In fact, modern socialism can be theoretically reduced to correcting the economic contradictions that inherently exist in capitalism.  Marx listed these contradictions in his Capital; the “socialist solution” is merely the correction of these fundamental problems of capitalism. 

For example, in capitalism’s embryonic stage, the capitalist ran a small shop, where perhaps he sold wagon wheels.  But as capitalism evolved, a thousand times more goods were produced after the whole town was organized to make wagon wheels, each person performing a different, very small task, but all working cooperatively to produce the final product.  The profit, however, went to one person — the owner, or owners.  The result was that wagon wheels were immensely cheaper, and those who could not afford the high cost of the factory-approach of production — machines, labor costs, and raw materials — were pushed out of the market. 

Eventually, those capitalists unable to compete evolved into workers, while more and more money was needed to purchase the giant machinery and infrastructure needed to stay a competitive capitalist; through this dynamic wealth increased at one pole and decreased at the other. 

This shows a fundamental contradiction of capitalism: all of society is organized to produce goods and services; workers work “collectively” to build products, i.e., they work “socialistically,” but the vast majority of the wealth produced goes to a small minority of non-working, very wealthy shareholders.  Thus, to correct this problem, the wealth produced by society should be distributed to those who create it, not funneled into the pockets of the rich.  This would require transferring the vast majority of the productive machinery from private ownership of a few to the control of vast majority.

But the capitalists may argue that, without these wealthy capitalists, there would be no wealth-producing enterprises, and everybody would be consequently poorer.  This argument may have been true 250 years ago, but no longer.

To out-compete their rivals, capitalists — organized in corporations — invested hordes of money in labor-saving technology, which produced greater and greater amounts of goods, in turn creating more and more wealth. But despite the capacity to produce more and more goods, unintended consequences emerged.

Capitalist competition naturally evolved into monopoly capitalism, as the winners of the free-market took over their competitors’ businesses and machinery.  The free market soon became the private property of the mega-corporations, which no longer left the production of their goods to blind market-forces.

After all their competitors were defeated, and the market was dominated, the capitalists were better able to plan out their production to the finest detail: how much raw material they would use, how many products they would produce, what prices to sell the goods at, never knowing how much could actually be consumed by the workers in the marketplace, especially since corporations were constantly driving down workers’ wages to boost profits.  

So another contradiction emerges:  large corporations produce a massive amount of goods according to a plan, but leave the distribution of these goods to a very limited, un-planned market, which shrinks as workers get paid less and are laid off, due to the introduction of machinery. 

Inevitably, this dynamic produces recessions, some small, others larger. The obvious, socialist answer is thus: distribute the produced goods according to a plan as well!  But doing this would take the “market” out of the picture, and thus the capitalist too. 

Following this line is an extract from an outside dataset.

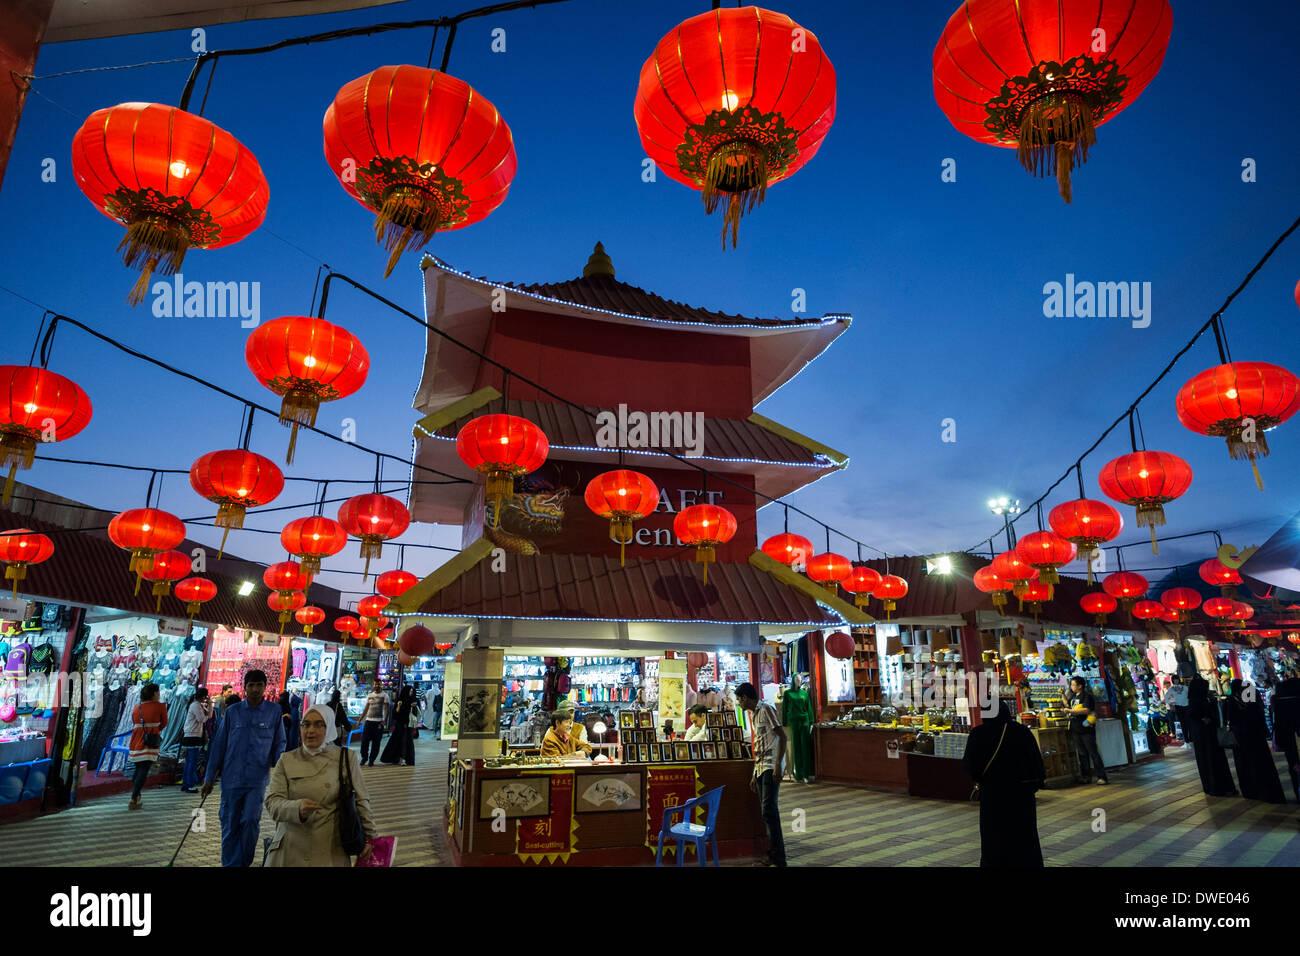 China-Pavillon mit roten Laternen und Einkaufspassage im globalen Dorf kulturelle Sehenswürdigkeit in Dubai Vereinigte Arabische Emirate Stockbild
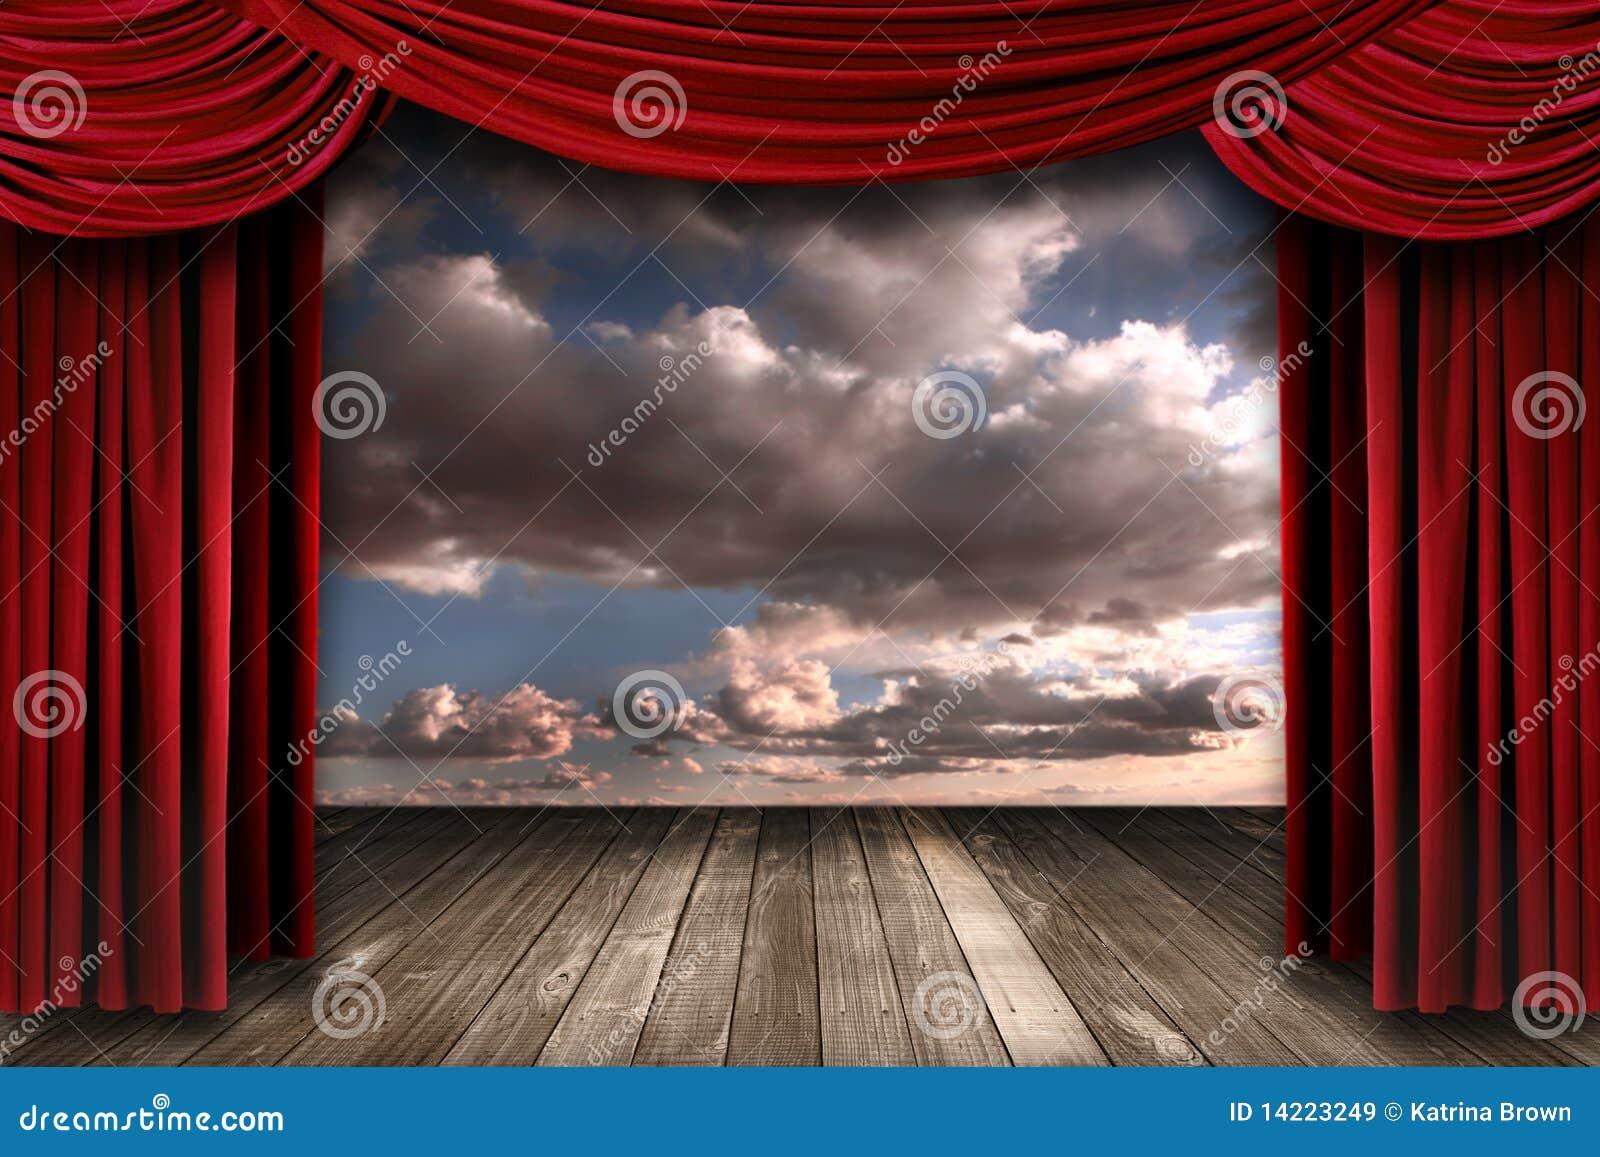 Cu salowego perormance czerwony sceny teatru aksamit

When recessions happen and corporations fail, the capitalist state intervenes and may temporarily take over these companies (as in the case of GM, Fanny and Freddie, etc.), but these takeovers are not done with the general social interest in mind.  Instead, they are a form of socialism for the rich — the bank and corporate bailouts used public money to save the rich from themselves, at the expense of everybody else.  These bailouts imply that the market economy (capitalism) needs socialist measures to ensure its further existence, meaning that an element of planning needed to be injected into the unplanned, chaotic market economy to help stabilize it.    

Indeed, John M. Keynes and others realized long ago that capitalism was too unstable a system for it to be run entirely by market forces. This is why, in most capitalist countries, the state is responsible for planning the more fundamental parts of the economy: mail, communication, energy, central banks, education, military, highways, bridges, welfare, etc.   These fundamental parts of the economy are planned “socialistically” in an attempt to give the commodity-producing companies more stability, i.e., allow them to make more consistent profits.    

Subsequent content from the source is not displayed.